Wednesday, August 22, 2012

WHEN YOU FIND THE COURAGE TO SPEAK UP ABOUT ABUSE, IT'S AMAZING WHAT HAPPENS!

To those of you who have kindly subscribed to this blog .. then wondered where I am ... I'm here and feeling awesome! I feel awesome because this is probably the best thing I've ever done for myself: speaking out about my own sexual abuse and in the process, discovering so many wonderful women (and men!) whose stories are similar to mine and who, like me, are trying to turn something so negative into a big positive. And they are succeeding!

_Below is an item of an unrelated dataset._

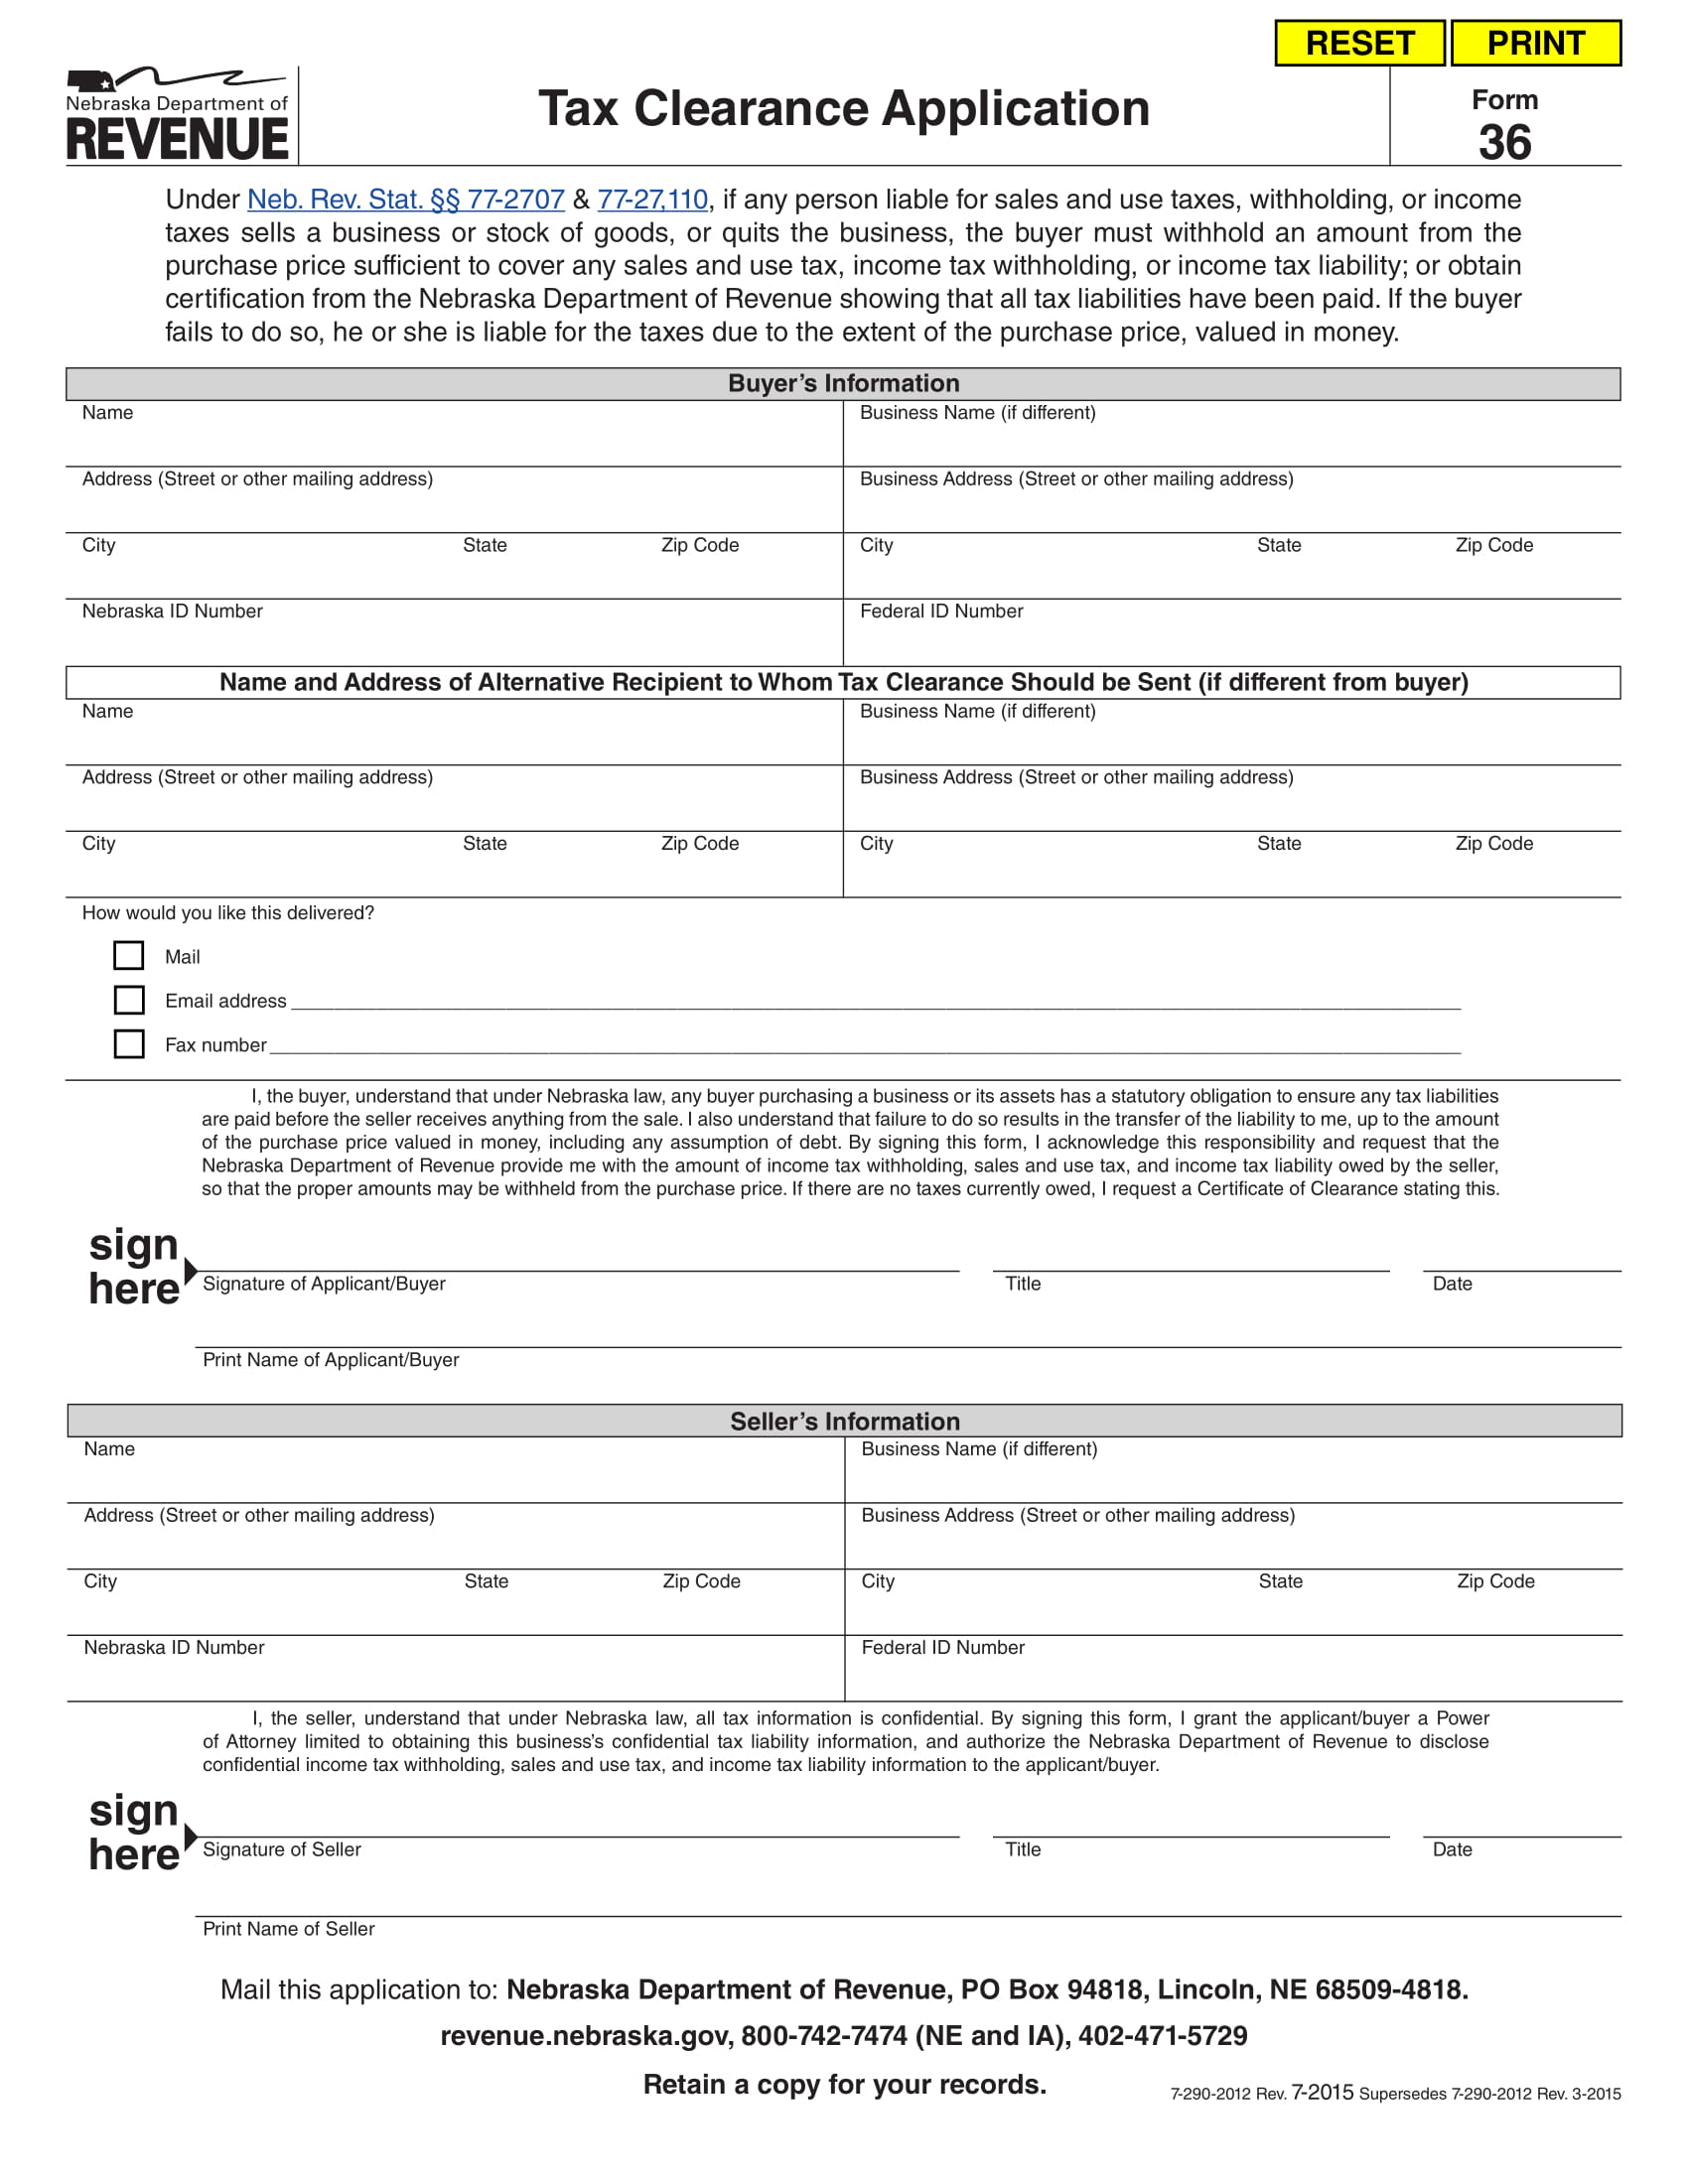 tax clearance application form 1

Over the past week, I've discovered Patricia Singleton, whose blog posts, like this one about learning to love yourself after abuse, offer comfort and inspiration. Patricia should know: like so many of us, she too has suffered at the hands of a sexual abuser. Then there's Lynn Tolson, whose books are helping so many others as she speaks out about her own abuse. I could go on listing one after another: I had no idea that many people are blogging about their abuse. You'll find links to some of these in my BLOGROLL on the right-hand side. I can't stress enough how important and helpful it is to read the posts by these victim/survivors. You might say you don't want to hear or read more: it brings up too many bad memories. To that, I can only offer the little poem I penned this afternoon while thinking about this very thing. You'll find it at the end of this blog.

It's also gratifying to see the membership on my Facebook page, OUT FROM UNDER, growing daily as I share relevant graphics posted by others or designed by myself. Folks love sharing these. Those who need them are comforted by them. Others are forced to think about them and face their own reality, painful as it might be. This IS necessary if we are to heal.

And best of all for me is that this voyage of self-discovery and disccovery of others has got my writing mind into gear after years of silence. So many times I've wanted to write, but I'm not a fiction writer. I can only write what I truly know ... and my own story is what I know best. Now that I've begun, I don't want to stop. I have other things that must be done but I'm finally making room and time for myself. Do you know how good that feels? I cannot encourage those of you who visit this page, my facebook page or simply lurk trying to get up the courage to tell your story, to just go and do it! It's truly amazing how good it can feel when you finally come out from under!

It's too easy when you're obsessed with a subject like incest, especially your own, to spend too much time on the negatives and to convey too many negative messages to your readers. I don't want to do that with every one of my blog posts, as much as I want to share my story with you. That you can read when I finally finish writing that book. So in the meantime, let me leave you now with that little poem I mentioned. Please share it, and this blog, with others whom you feel need to hear its message. And thanks for reading today's post.

COME OUT FROM UNDER

Yes, you must face the pain
But reliving it again and again
Wallowing in despair gets you nowhere
except further under

You know you want to tell
You've tried to for many years
You start to speak, then shut your mouth
And your face dissolves in tears 
of fear and self-loathing

But this has to stop!
The abuser should feel the shame
The abuser should wear the guilt
The abuser is to blame 
for what you feel

Reach out to those who care
Love yourself that much! 
Let their open arms embrace you 
And heal you with their touch

COME OUT FROM UNDER

                      
                           ©Viga Boland 2012

8 comments:

  1. My heart aches for young Viga...
    While at the same time, my Spirit celebrates the courageous, resilient, and most loving real-time Viga.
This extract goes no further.